Cour de justice de l’Union européenne, le 21 décembre 2016, n°C-154/15

Par un arrêt du 21 décembre 2016, la Cour de justice de l’Union européenne, réunie en grande chambre, s’est prononcée sur l’interprétation de la directive 93/13/CEE du 5 avril 1993 concernant les clauses abusives dans les contrats conclus avec les consommateurs. Cette décision est intervenue dans le cadre de plusieurs renvois préjudiciels émanant de juridictions espagnoles, confrontées à des litiges entre des consommateurs et des établissements de crédit. En l’espèce, des particuliers avaient souscrit des contrats de prêt hypothécaire contenant des clauses dites « plancher », lesquelles fixaient un taux d’intérêt minimal en deçà duquel le taux variable du prêt ne pouvait descendre.
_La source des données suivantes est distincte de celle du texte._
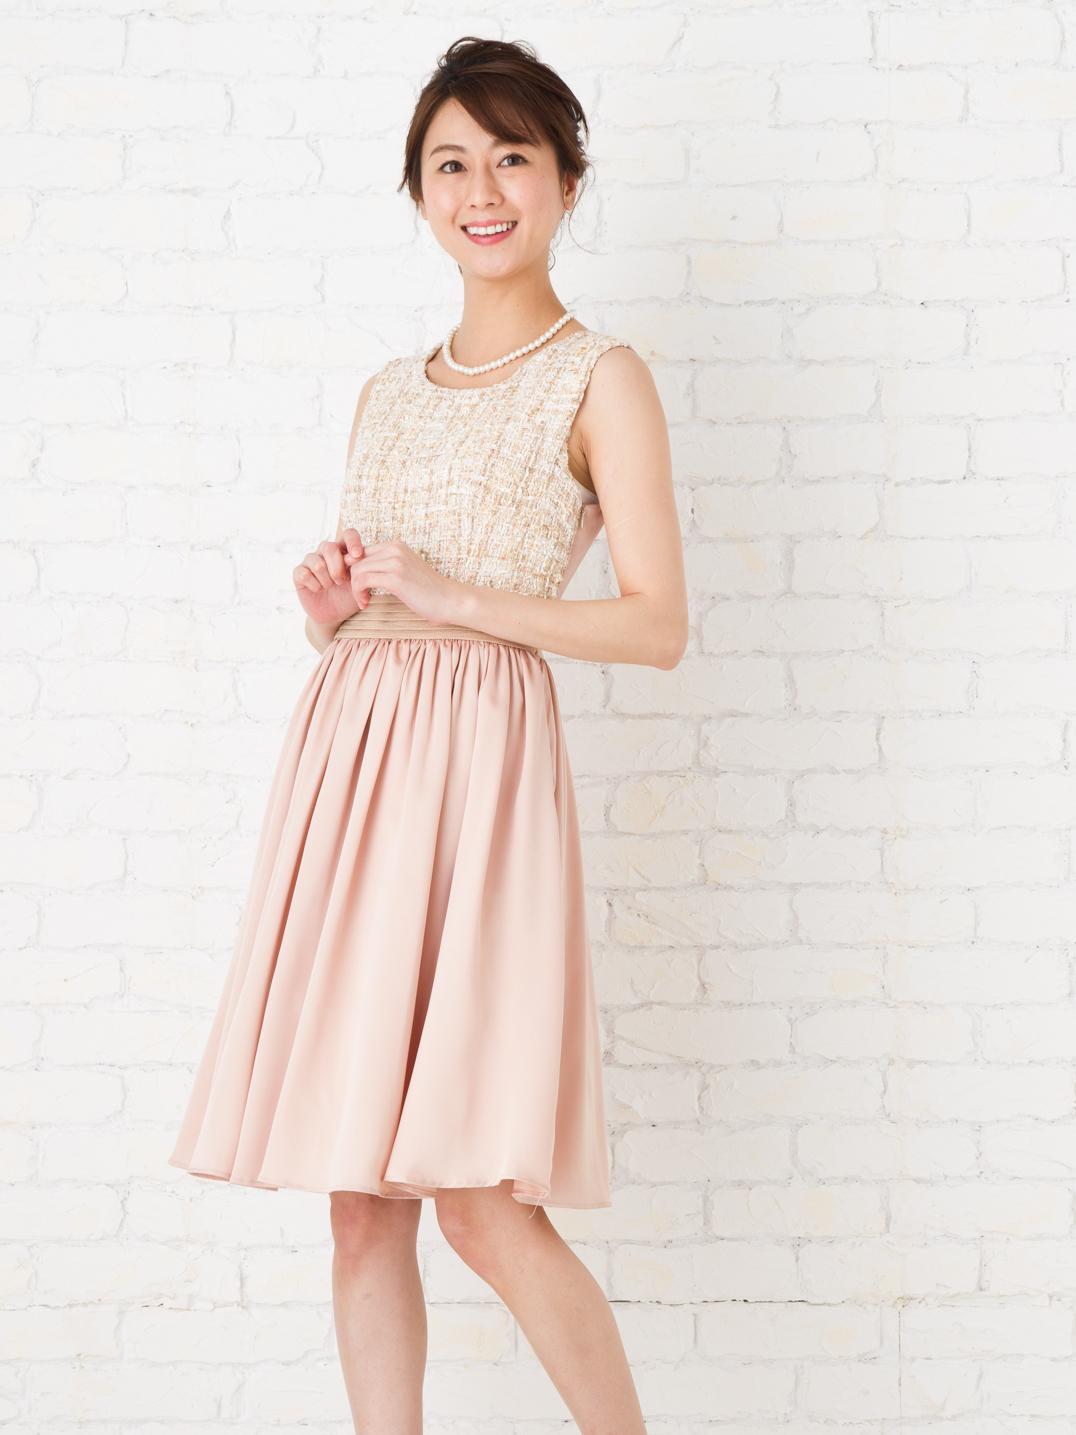 RYK ドレス / Mサイズ (DOC0002)

À la suite d’une action collective, le Tribunal suprême espagnol, par un arrêt du 9 mai 2013, avait déclaré le caractère abusif de ces clauses en raison d’un défaut de transparence, mais avait décidé de limiter dans le temps les effets de cette nullité. Il avait ainsi jugé que la restitution des sommes indûment perçues par les banques ne s’appliquerait qu’aux paiements effectués postérieurement à la date de sa décision, invoquant le principe de sécurité juridique et le risque de troubles économiques graves. Saisies à leur tour par des consommateurs dans le cadre de recours individuels visant à obtenir la restitution intégrale des montants versés depuis la conclusion de leur contrat, plusieurs juridictions espagnoles ont interrogé la Cour de justice sur la compatibilité d’une telle limitation temporelle avec le droit de l’Union.

La question de droit soumise à la Cour était donc de savoir si l’article 6, paragraphe 1, de la directive 93/13 s’oppose à ce qu’une juridiction nationale puisse limiter les effets restitutoires liés à la déclaration de nullité d’une clause abusive, en n’ordonnant le remboursement des sommes indûment versées qu’à compter du prononcé de la décision constatant ce caractère abusif.
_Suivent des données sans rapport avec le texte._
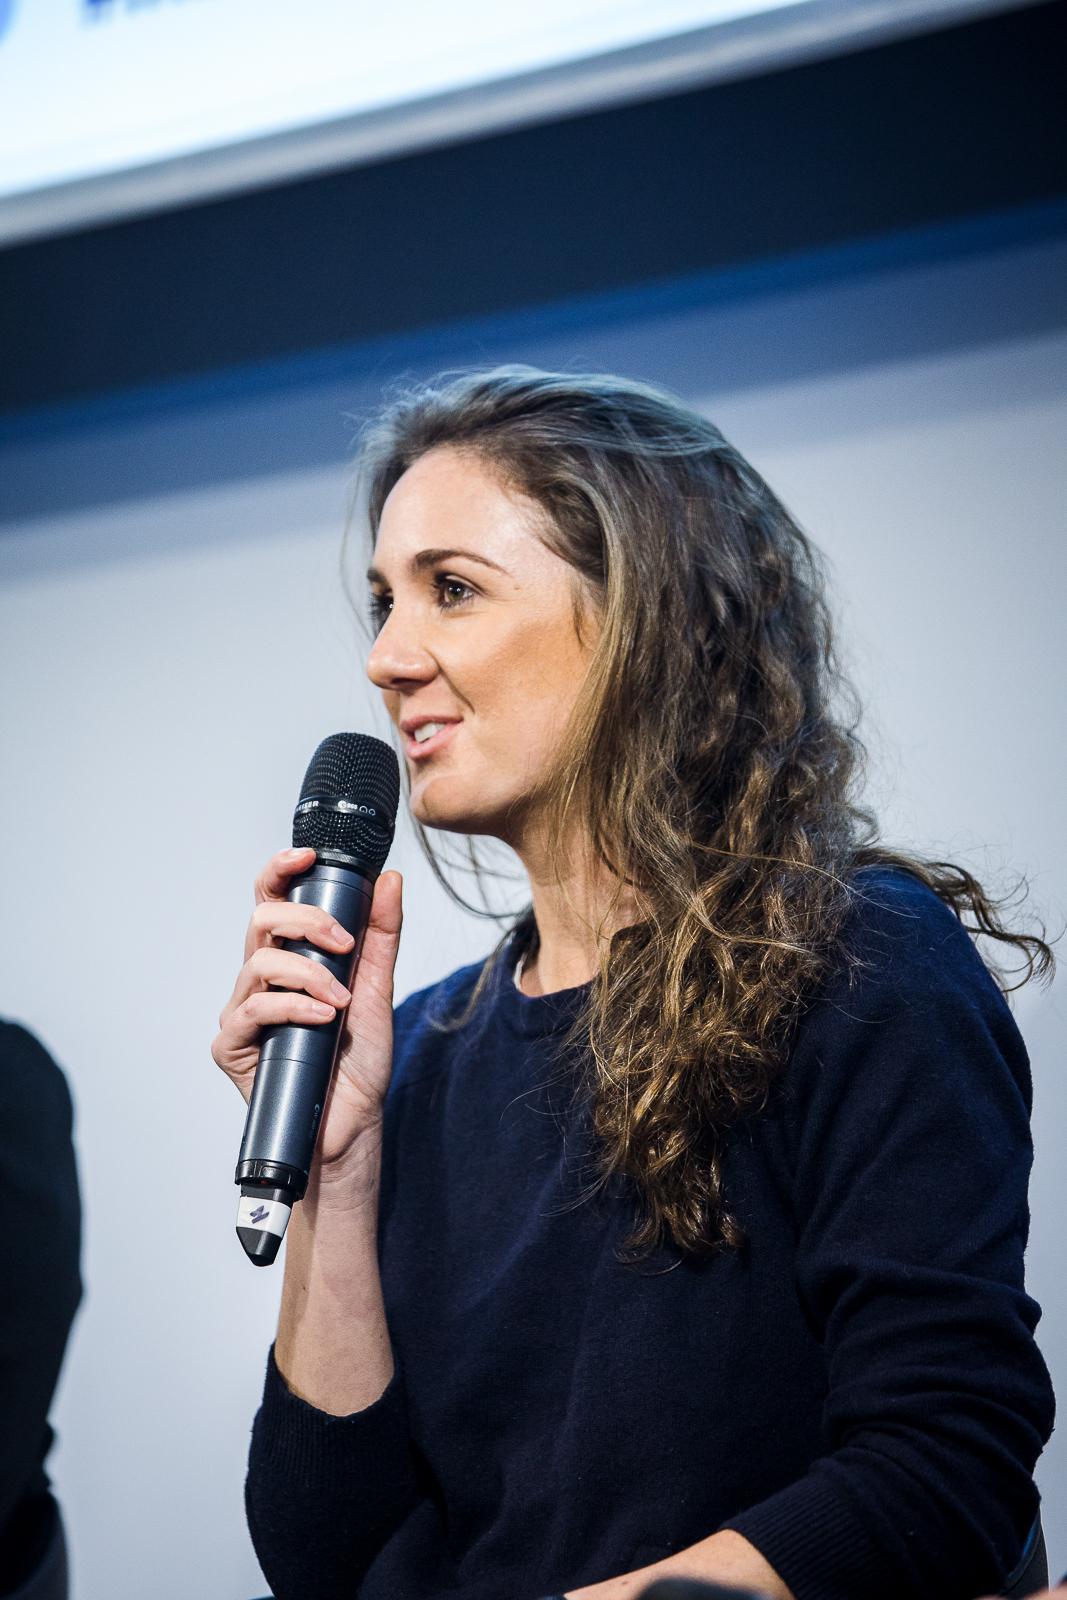 Marjolaine Grondin (Jam) - IN BANQUE 2018 - Crédit photo : Guillermo Gomez

À cette question, la Cour de justice répond par l’affirmative. Elle juge que la disposition précitée doit être interprétée en ce sens qu’elle fait obstacle à une jurisprudence nationale qui limite dans le temps les effets restitutoires de la déclaration du caractère abusif d’une clause. Selon la Cour, la déclaration judiciaire du caractère abusif doit avoir pour conséquence le rétablissement de la situation en droit et en fait qui aurait été celle du consommateur en l’absence de ladite clause, ce qui implique une restitution intégrale des avantages indûment perçus par le professionnel.

Cette solution réaffirme avec force le principe d’une restitution intégrale comme conséquence directe de l’inefficacité des clauses abusives (I), tout en consacrant la primauté de la protection effective des consommateurs sur les considérations d’ordre économique national (II).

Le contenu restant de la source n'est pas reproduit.